You don’t think I could make this shit up, do you?


  1. Ah, Wal-Mart. Is there no blog-fodder you can't provide?

    It almost makes me want to go there to get some fresh ideas.


  2. Jim goes to Wal-Mart so we don't have to.

    (And so help me, I'm glad I don't have to. Besides. The best deals are at thrift stores!)

  3. You goddam pansy-assed, pinko, commie, Inter-dimensional seven foot tall intelligent Insect lover you!

    (Sorry. It had to be said.)

  4. I'd rather eat lint than go to Wal Mart.

    Luckily, I don't have to do either.

  5. Well, you're missing out on blog posting material, Michelle. Just sayin'.

    And as I've mentioned, I don't get a lot of options for some things.

  6. Jim, I work at a university, in West Virginia.

    Trust me, I'm surrounded by material. It's just that most of it gets shortened to Twitter length. :)

  7. I wish you were making this shit up, but, unfortunately, I don't think you are!

  8. Really, Jerry, I'm not - and I could have made this list a lot longer.

  9. Just about the time you figure the first fifty days of the Obama administration has gone better than you imagined it might, you listen to local talk radio -- and they just HATE Obama. And Hilary. And, and, and... all of THEM.

    Dr. Phil

  10. Well, I'll say that so far, the first 50 days of the Obama administration have been a hell of a lot better than the last 500 days of the Bush administration.

    Just sayin.

    Of course, according to Deadeye Dick Cheney, we're all doomed because of Obama. But that is tomorrow's post.

  11. I never get such good stories when I go into Walmart.

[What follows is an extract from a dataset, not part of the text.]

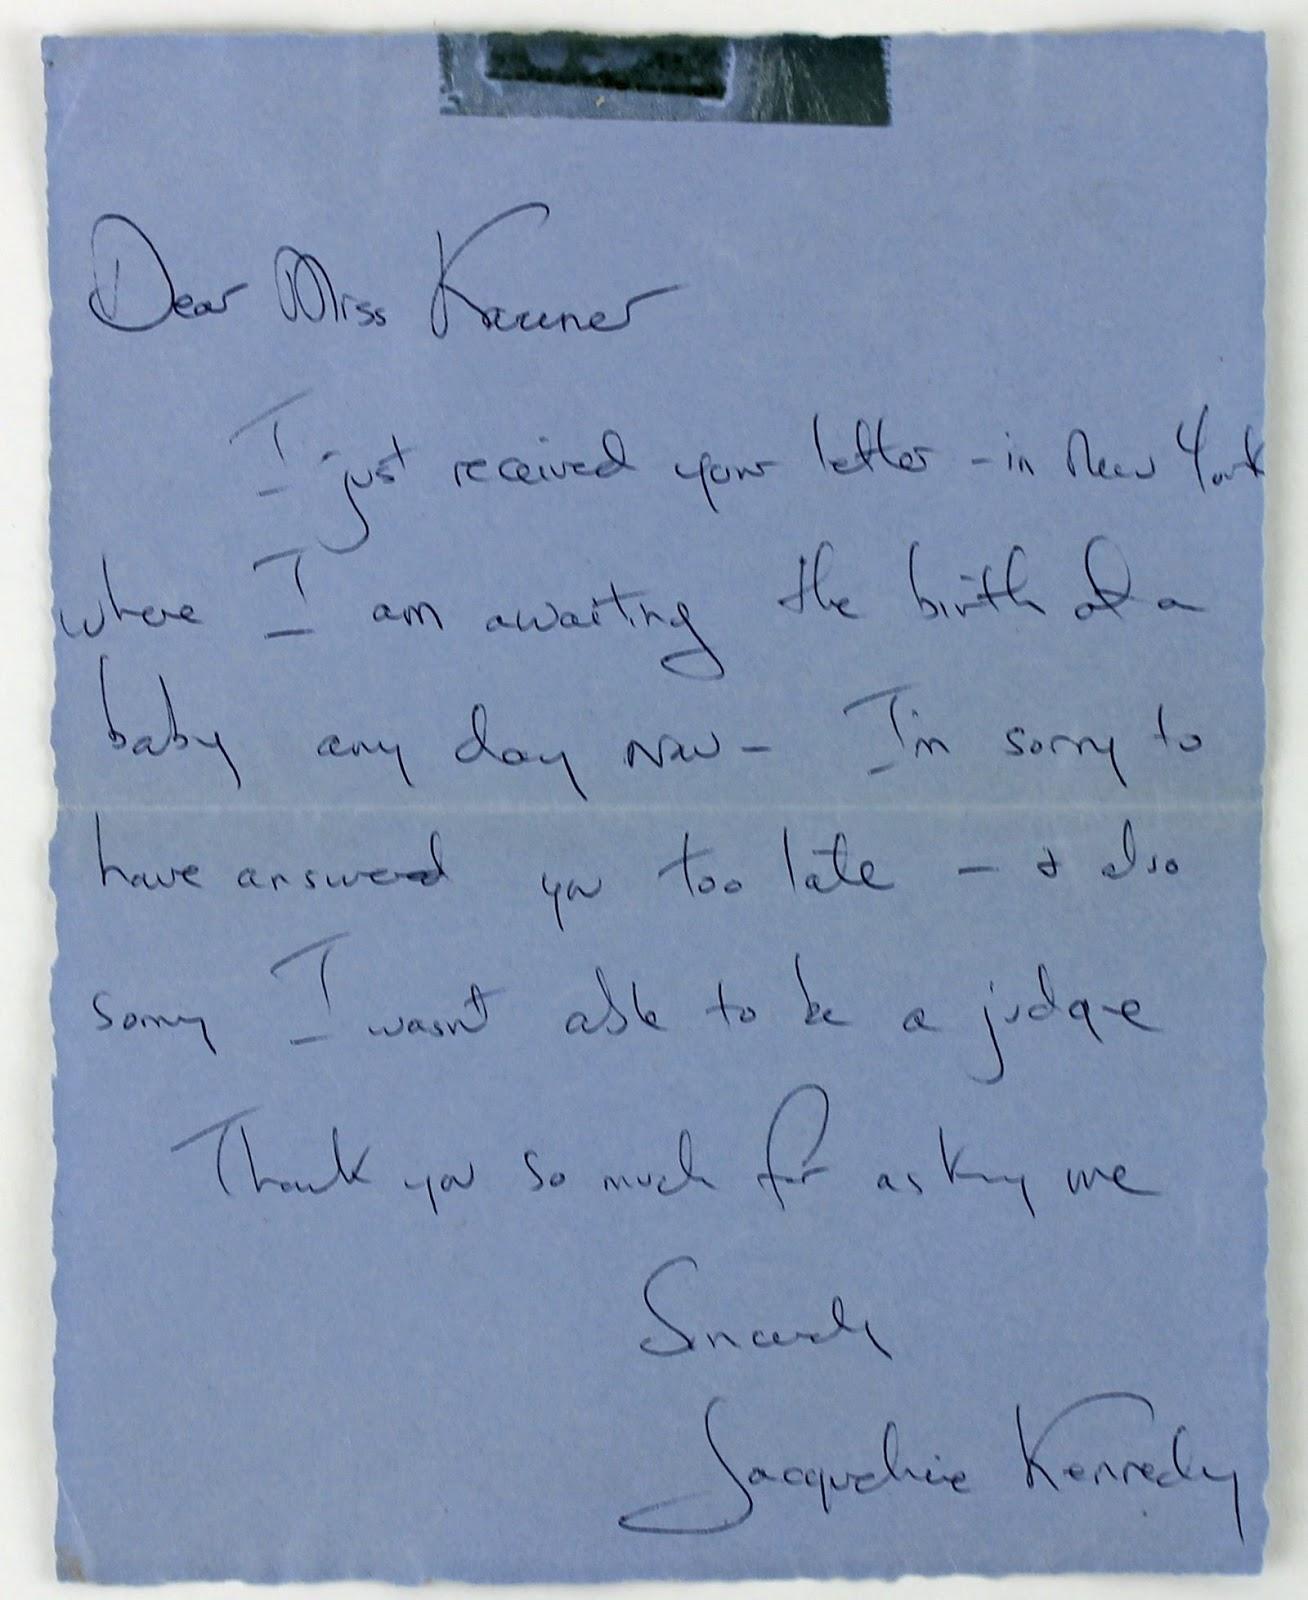 Um jeito manso marilyn monroe e jacqueline kennedy fotografadas uma letra com alguma simplicidade palavras espaadas pensava ao escrever raciocnio organizado estruturado uma escrita lenta inclinada para trs fandeluxe Gallery
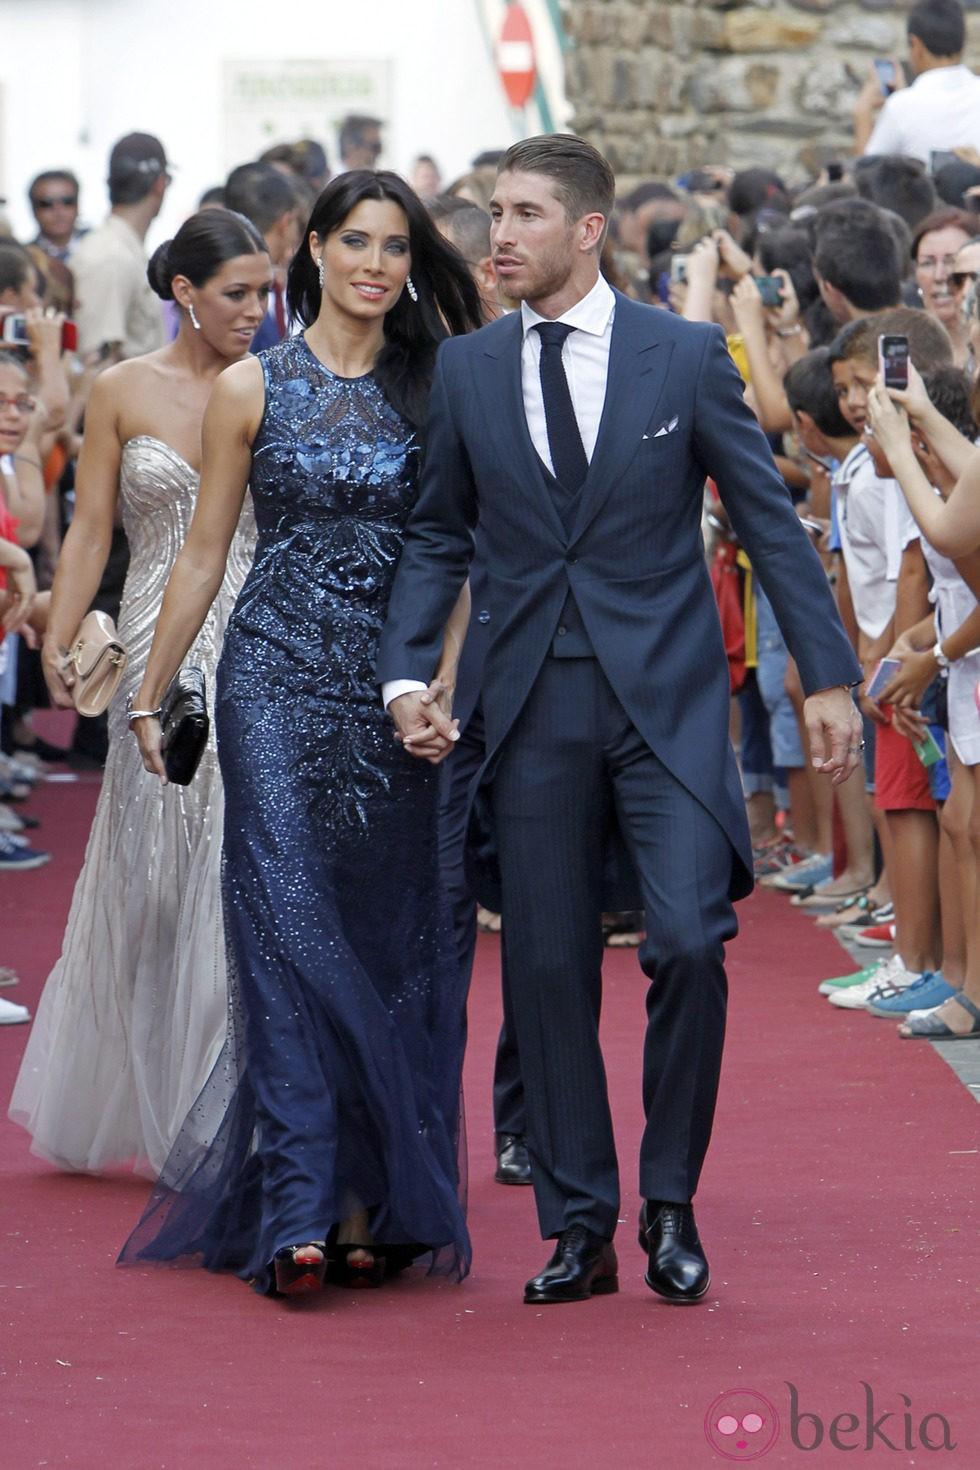 Pilar Rubio Y Sergio Ramos 2013 Sergio Ramos y Pilar R...

I try to make exposure minimal, though, so I rarely spend more than 30 minutes in one if at all possible.

  12. Yeah, Jim, how come all I get are the 500 lb people taking up all the motorized shopping carts when a cane-using vet wearing a 101st Airborne ballcap with a Goddamn Bastogne pin is walking around the store?

    Watching the dude who could jump up in the air and get stuck drive past the paratrooper with the bad hip walking in the bread aisle was probably the most surreal and / or disgusting thing I've seen at Wal-Mart.

  13. John, just so you know, there's a distinct possibility that he would have turned down a cart.

    My grandmother refuses to use such things--she wants the exercise, little as it may be. And tends to make comments like, "I'm not that bad off yet" when offered.

  14. Jim, that tops my WTF moment, which was listening to a guy who spent 30+ years as a government researcher and retired on a pension bitch about "too much government spending."

    I decided suggesting that we start by cutting his pension would be impolite.

  15. Was watching the Newshour with Jim Lehrer last night, they had Reps. Barney Frank and Scott Garrett talking about the AIG mess. Mr. Garrett kept on saying about how Geitner gave AIG all this money and didn't ask anything for it so it was on on Geitner's and this administration's head. Which, then, Barney Frank being Barney Frank, gently corrected the record reminding Garrett that it was Paulson who gave all the money without getting oversite or conditions. Which then Mr. Garrett completely ignored in his next comments continuing to blame Geitner.

    That was the first time I think I shouted, "Just smack him, Barney. Just smack him," at the TV.

    Yeah, it's all the liberal's fault. The conservatives smell like roses and sunshine.

  16. I get all the stoopidity I need from MARTA - the local public transportation system.

    The nearest Wal-Mart to me is accessible by MARTA, but it's an extra bus ride on a route that has been adjusted one too many times to make it easy or convienient for me. I get to the Wal-Mart near my parents home 3 states away more than the one a few miles from my house!

    So I stick with two very easy to access Targets, two nearby grocery stores, with an occasional foray to Borders, Michael's or a quilt shop. You know, neccessities like books & craft materials!

    Between Target and MARTA, I get all the comment fodder I could ever need.